The importance of becoming aware of this involves our consciousness.  If we are not aware of our conditioning, we may have difficulty realizing that we are creating a kind of predetermined answer by the way we think out our questions.  If we are unaware that the punishment our strict and authoritative parent gave us as a child when we exhibited creativity in our thoughts is now part of our ongoing self suppression of our imagination, we may miss the part where we are succumbing to institutional thought patterns without giving it proper doubt and questioning, and thus succumbing to the words of a leader who we fail to doubt and question.

Now, back to the topic, the categorical.  In this case, fossil fuel investment takes a nosedive, while renewable investments are on the rise.  What does that mean in the big ecological systemic relationship picture?  

In the big picture, not only do we have this problem of rising CO2 in the atmosphere, caused by human activity that is always directly related to employing energy for those activities (that's a simple law of physics that cannot be repealed nor avoided), we also have a range of ecological disasters related to a de-speciation of many regional and local ecologies that humans have invaded and transformed for specifics related to their species without consideration for their systemic ramifications.  The climate is not the driver of this rapidly accelerating process but merely one of the consequences.  This is being noted now as a mass extinction, which our science tells us from extensive investigation, is only the sixth one ever to occur since life emerged on this planet.  This may be the first one ever to be caused by a single species, rather than some catastrophic geological event.  

The key factor in this mass extinction cause is a choice-driven way of life by one species, humans.  And that's, again, where our consciousness comes in.  If civilization is a human choice, not a DNA-driven way of organizing ourselves, as we see in, say, bee hives, then it follows that we may have some choice about whether we want to participate in causing a global mass extinction of species, with truly unknown -- in its full systemic detail, though clearly catastrophically probable -- consequences.

So here's the thought.  In specifics it's held that replacing fossil fuels with renewables is a good thing for diminishing climate changes being caused by mounting levels of CO2 in the atmosphere.  But if there's so much more involved than climate change, is there not more that needs to change than just replacing fossil fuels with renewables? ...Provided that's even possible, which is another searing and daunting question.  Don't we need to be thinking about how we live as well?  Don't we need to be thinking about maybe how we look at our biosphere, our local environments, and how our way of living brings us into relationship with that?  That is what I mean by a revolution of thinking by changing our thought paradigm itself.  Changing from one that looks at specifics without much consideration for the whole and the consequences of those specifics.

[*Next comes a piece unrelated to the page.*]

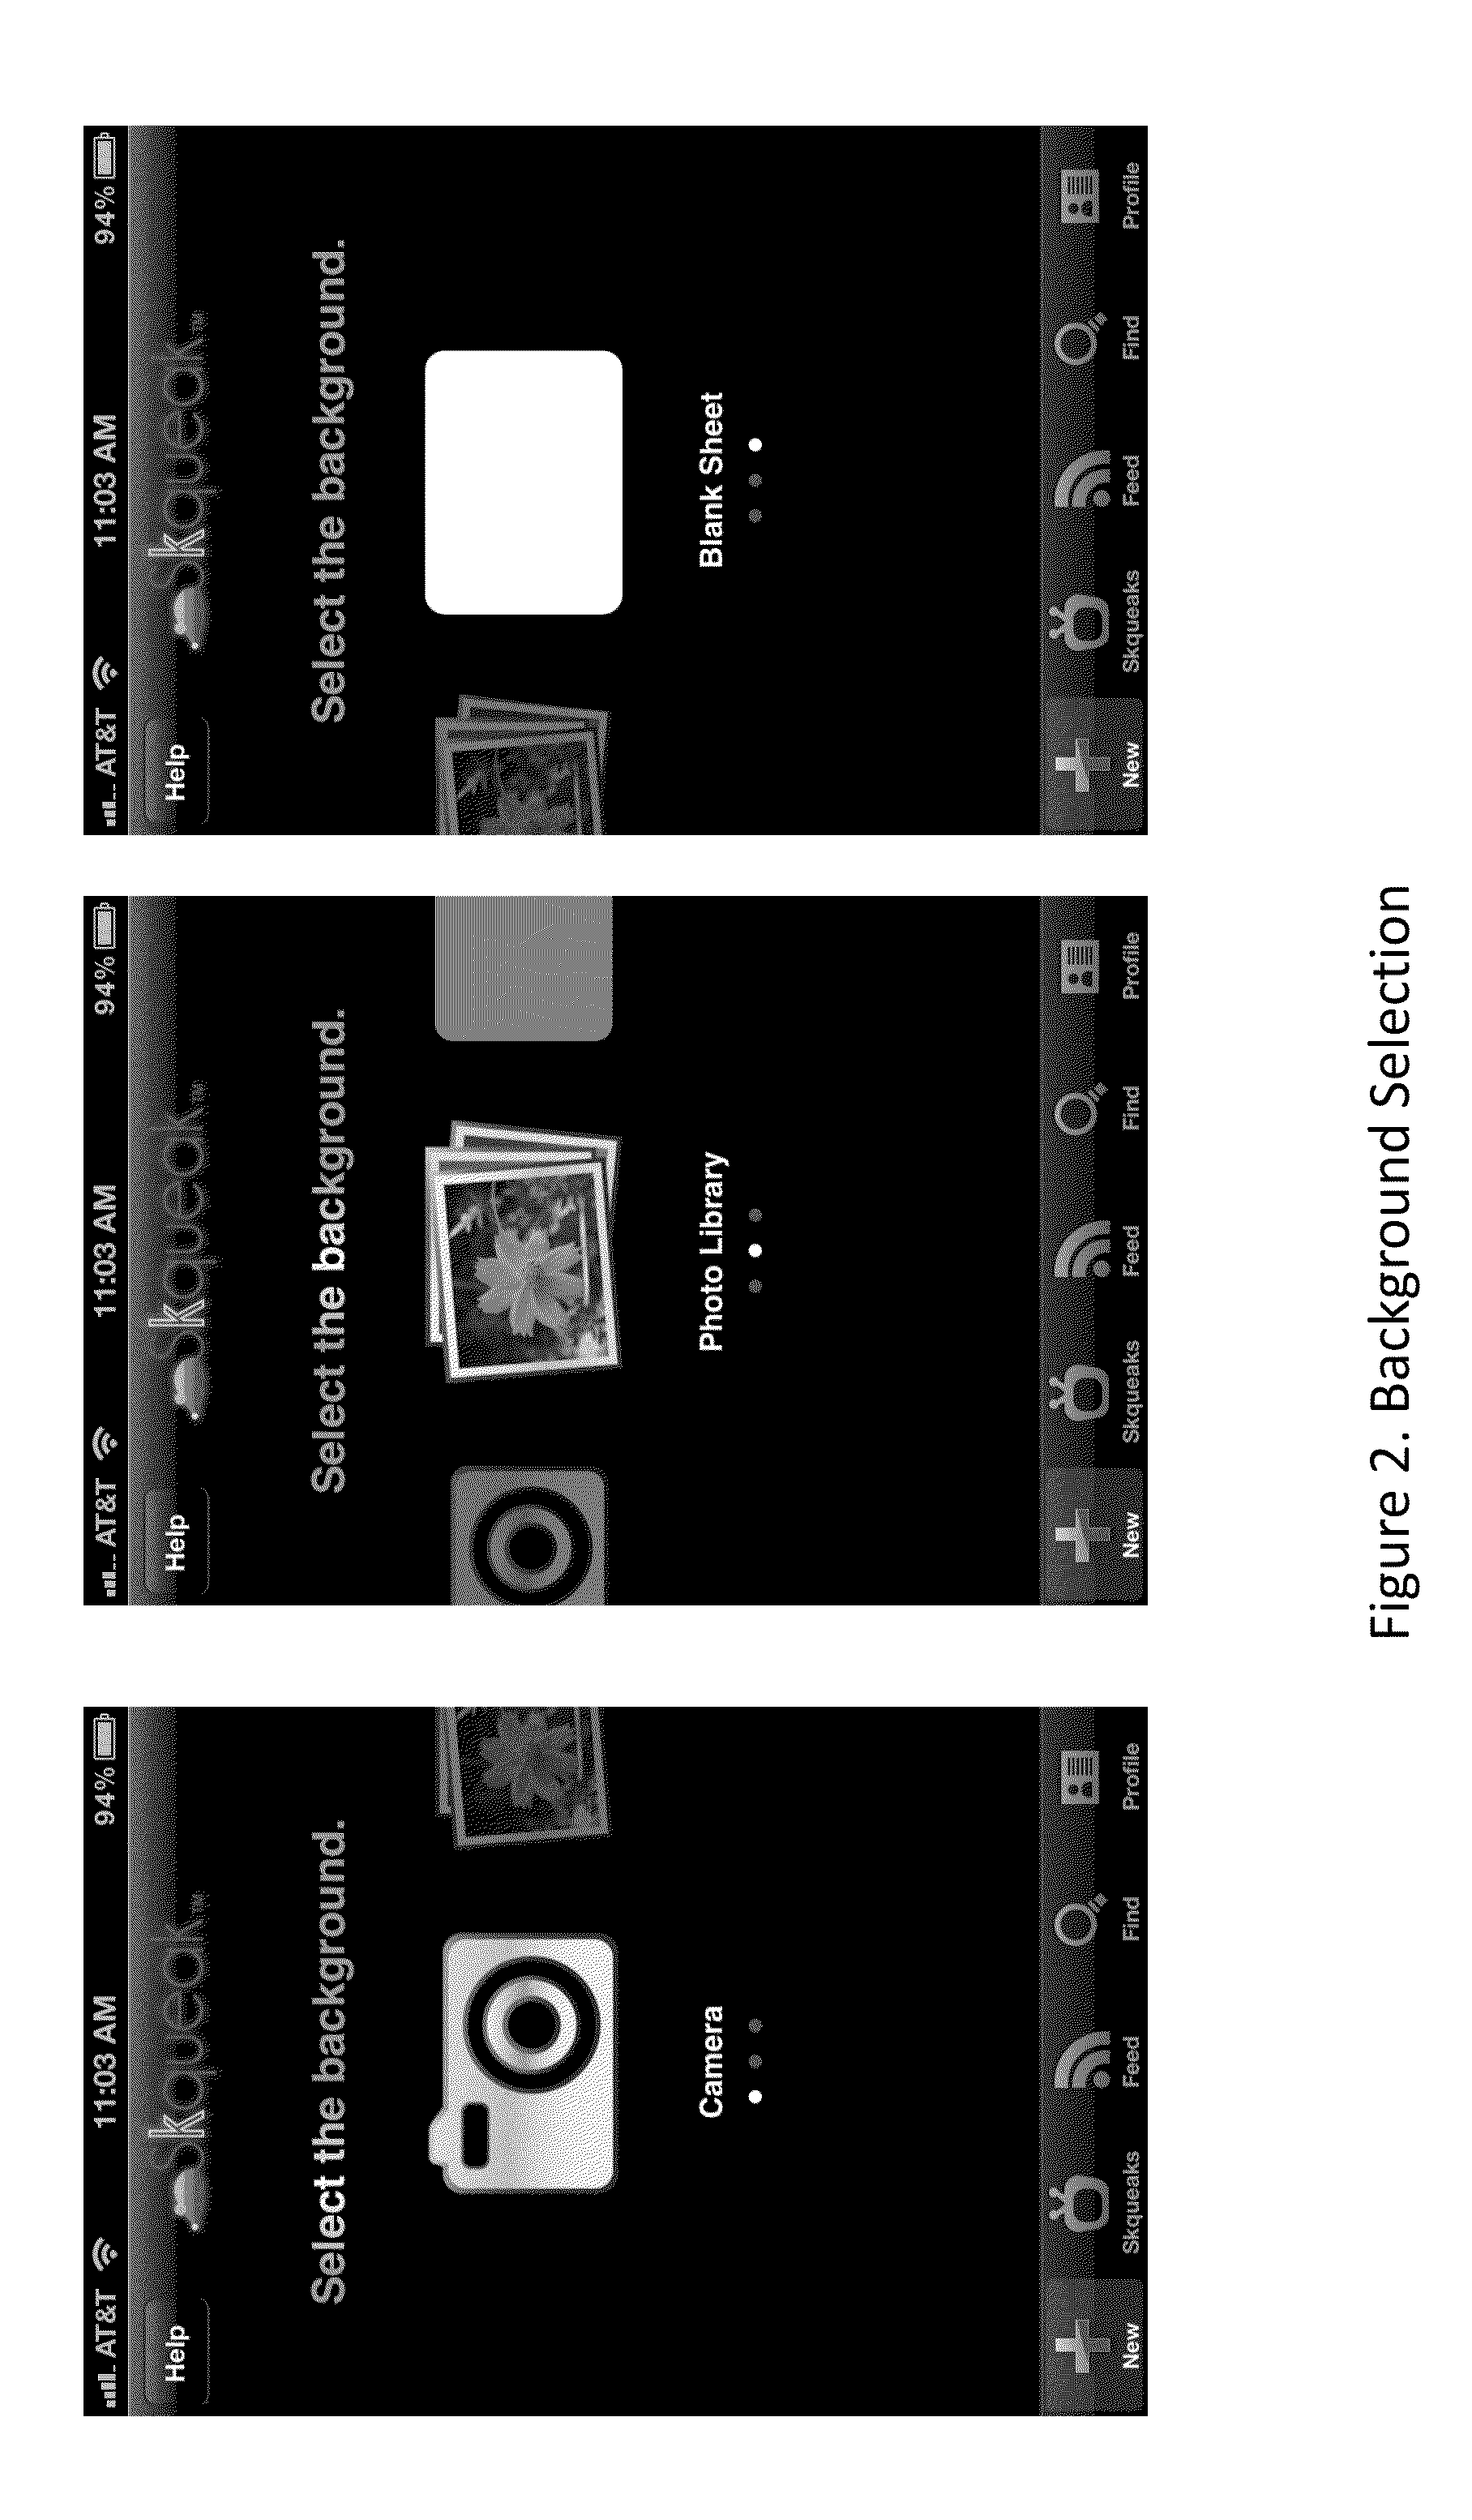 System and method for electronic communication using a voiceover in combination with user interaction events on a selected background

Changing to what? I'm calling that what revolution: 'ecological thinking.'  And if we need to be doing that, then we need to become conscious of it, and in being conscious we can begin to open our imaginative capacities and wonder how we go about transforming the way we think from this predetermining particulating, objectifying process that continues to produce the same conclusions, over and over, which include the same hubristic preconceptions that we are somehow advancing, progressing as a species, to a perspective that's entirely new.  

 

I guess coming to that understanding would be the structure of a humanific revolution.